Specify what IS allowed rather than what isn't.
implementation_guide: |
- Define expected input format explicitly
- Validate against allowed patterns, types, ranges
- Reject anything that doesn't match expected format
- Use strong typing where possible
- Validate data types, formats, ranges, and lengths
code_examples:
- |
# Python with Pydantic (strong typing and validation)
from pydantic import BaseModel, Field, validator
from typing import Literal
class UserInput(BaseModel):
username: str = Field(..., min_length=3, max_length=20, pattern=r'^[a-zA-Z0-9_]+$')
email: str = Field(..., pattern=r'^[a-zA-Z0-9._%+-]+@[a-zA-Z0-9.-]+\.[a-zA-Z]{2,}$')
age: int = Field(..., ge=0, le=150)
role: Literal['user', 'admin', 'moderator']
@validator('username')
def username_no_special_chars(cls, v):
if not v.isalnum() and '_' not in v:
raise ValueError('Username must be alphanumeric')
return v
- id: "5.2.1"
level: 1
category: "Sanitization and Sandboxing"
requirement: "Verify that all untrusted HTML input from WYSIWYG editors or similar is properly sanitized with an HTML sanitizer library or framework feature."
cwe: "CWE-116"
description: |
Rich text editors can contain malicious HTML/JavaScript.
Sanitize HTML on the server side before storing or displaying.
implementation_guide: |
- Use established HTML sanitization libraries (DOMPurify, Bleach)
- Never trust client-side sanitization alone
- Define allowed HTML tags and attributes
- Remove all JavaScript event handlers
- Strip dangerous tags (script, iframe, object)
code_examples:
- |
# Python with bleach library
import bleach
ALLOWED_TAGS = ['p', 'br', 'strong', 'em', 'u', 'a', 'ul', 'ol', 'li']
ALLOWED_ATTRIBUTES = {'a': ['href', 'title']}
def sanitize_html(untrusted_html: str) -> str:
"""Sanitize user-provided HTML."""
return bleach.clean(
untrusted_html,
tags=ALLOWED_TAGS,
attributes=ALLOWED_ATTRIBUTES,
strip=True
)
- |
// JavaScript with DOMPurify
import DOMPurify from 'dompurify';
function sanitizeHTML(untrustedHTML) {
return DOMPurify.sanitize(untrustedHTML, {
ALLOWED_TAGS: ['p', 'br', 'strong', 'em', 'a'],
ALLOWED_ATTR: ['href']
});
}
- id: "5.3.3"
level: 1
category: "Output Encoding and Injection Prevention"
requirement: "Verify that context-aware, preferably automated - or at worst, manual - output escaping protects against reflected, stored, and DOM based XSS."
cwe: "CWE-79"
description: |
Escape output based on context (HTML, JavaScript, URL, CSS) to prevent XSS.

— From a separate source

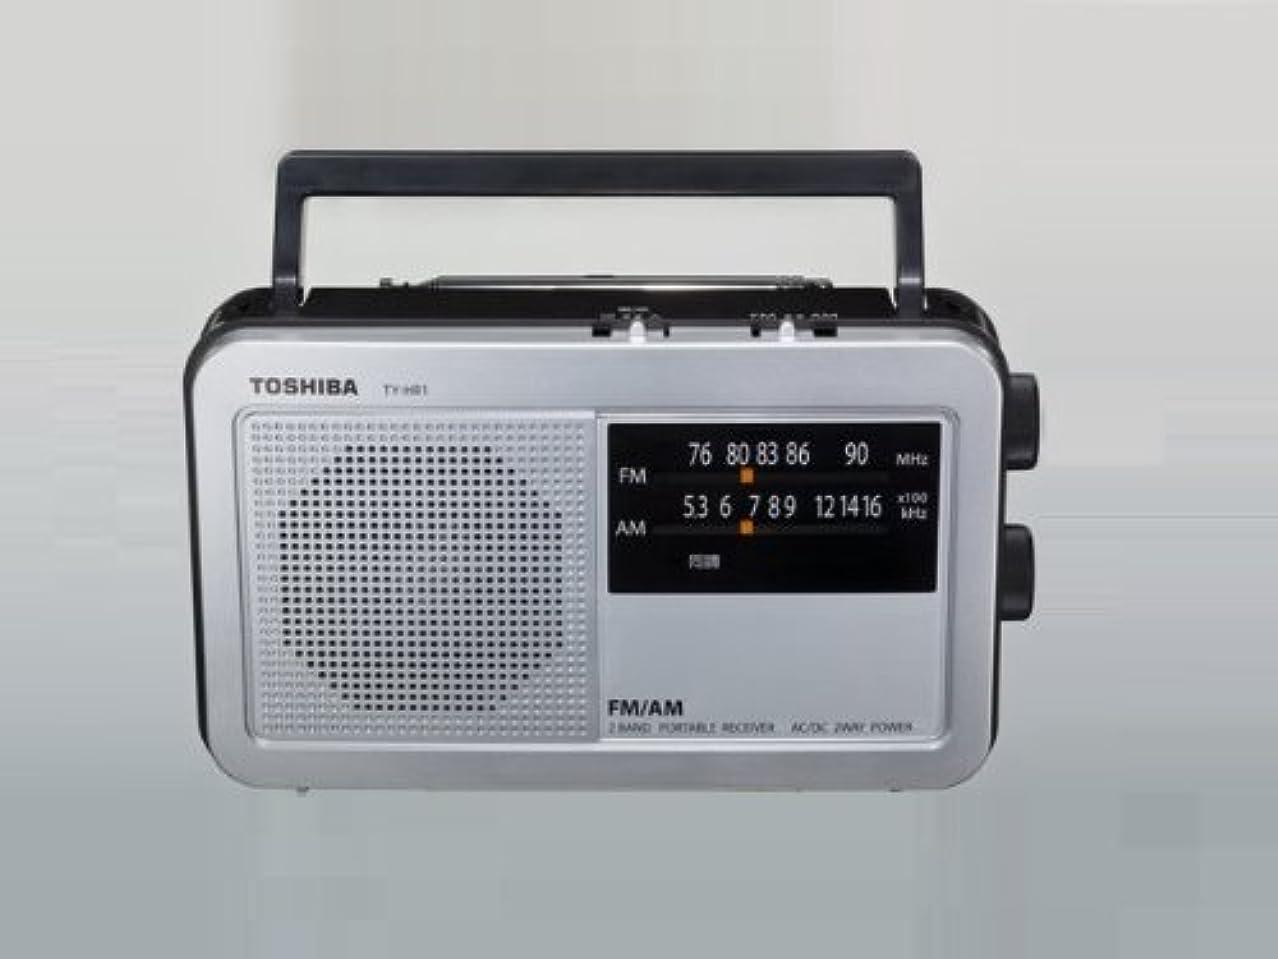 ファンネルウェブスパイダーみがきます曇った東芝 ラジオ TY-HR1
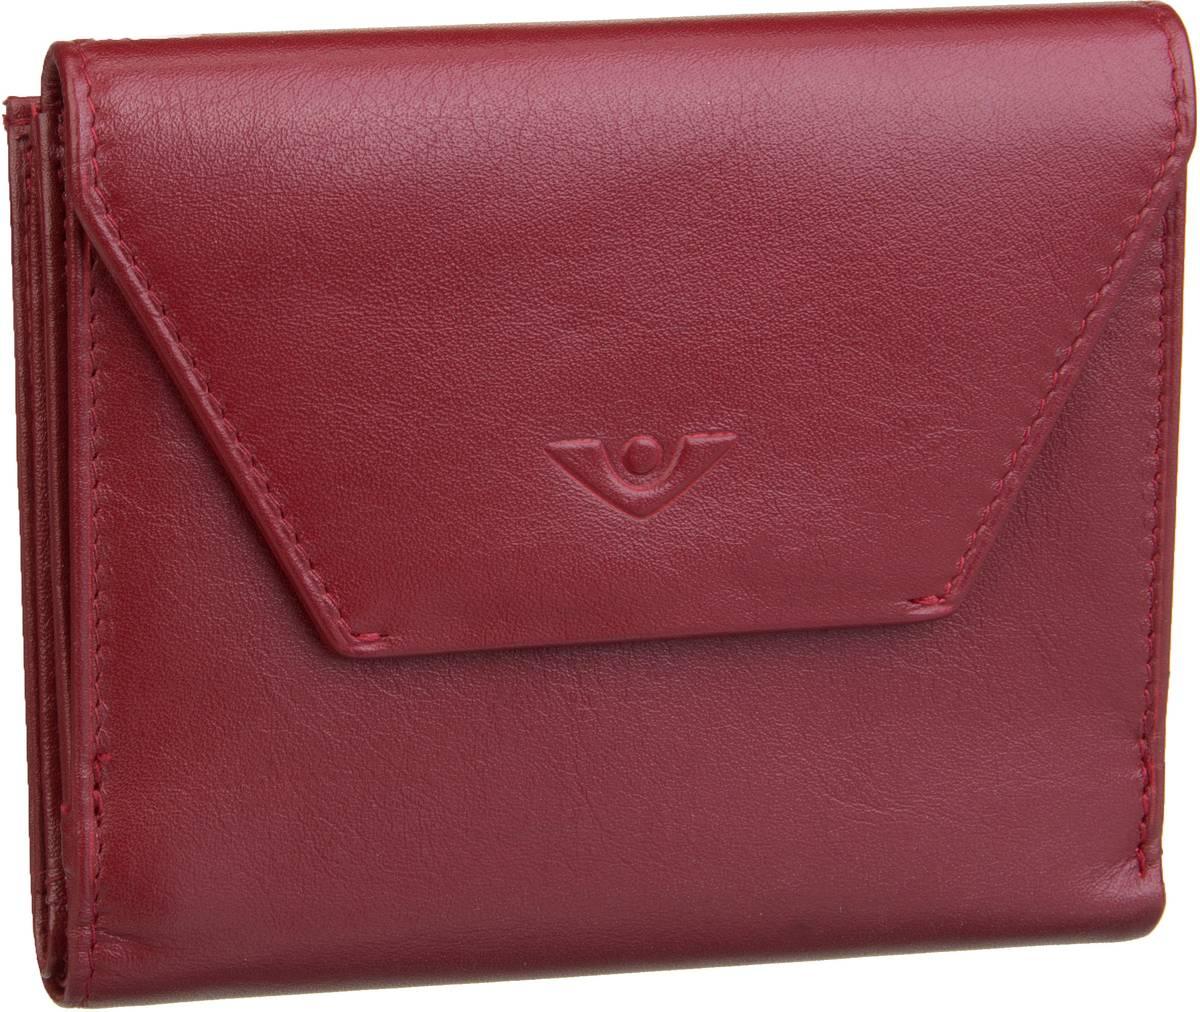 Geldboersen für Frauen - Voi Geldbörse Soft 70007 Börse Granat  - Onlineshop Taschenkaufhaus

Use templating engines that auto-escape by default.
implementation_guide: |
- Use templating engines with auto-escaping (Jinja2, React, Vue)
- Escape based on output context (HTML vs JS vs URL)
- Never insert untrusted data directly into script tags
- Use Content-Security-Policy header as defense-in-depth
- Validate and sanitize on input, escape on output
code_examples:
- |
# Python Jinja2 (auto-escaping enabled by default)
from jinja2 import Environment
env = Environment(autoescape=True)
template = env.from_string('<p>Hello {{ username }}</p>')
# This will escape HTML characters automatically
output = template.render(username='<script>alert(1)</script>')
# Result: <p>Hello <script>alert(1)</script></p>
- |
// React (auto-escaping by default)
function UserProfile({ username }) {
// React automatically escapes this
return <div>Hello {username}</div>;
}
// For raw HTML (use carefully!):
function RawHTML({ html }) {
// Sanitize first!
const clean = DOMPurify.sanitize(html);
return <div dangerouslySetInnerHTML={{ __html: clean }} />;
}
- id: "5.3.4"
level: 1
category: "Output Encoding and Injection Prevention"
requirement: "Verify that data selection or database queries (e.g. SQL, HQL, ORM, NoSQL) use parameterized queries, ORMs, entity frameworks, or are otherwise protected from database injection attacks."
cwe: "CWE-89"
description: |
SQL injection is prevented by using parameterized queries or ORMs.
Never concatenate user input into SQL queries.
implementation_guide: |
- Always use parameterized queries (prepared statements)
- Use ORM frameworks (SQLAlchemy, Django ORM, Hibernate)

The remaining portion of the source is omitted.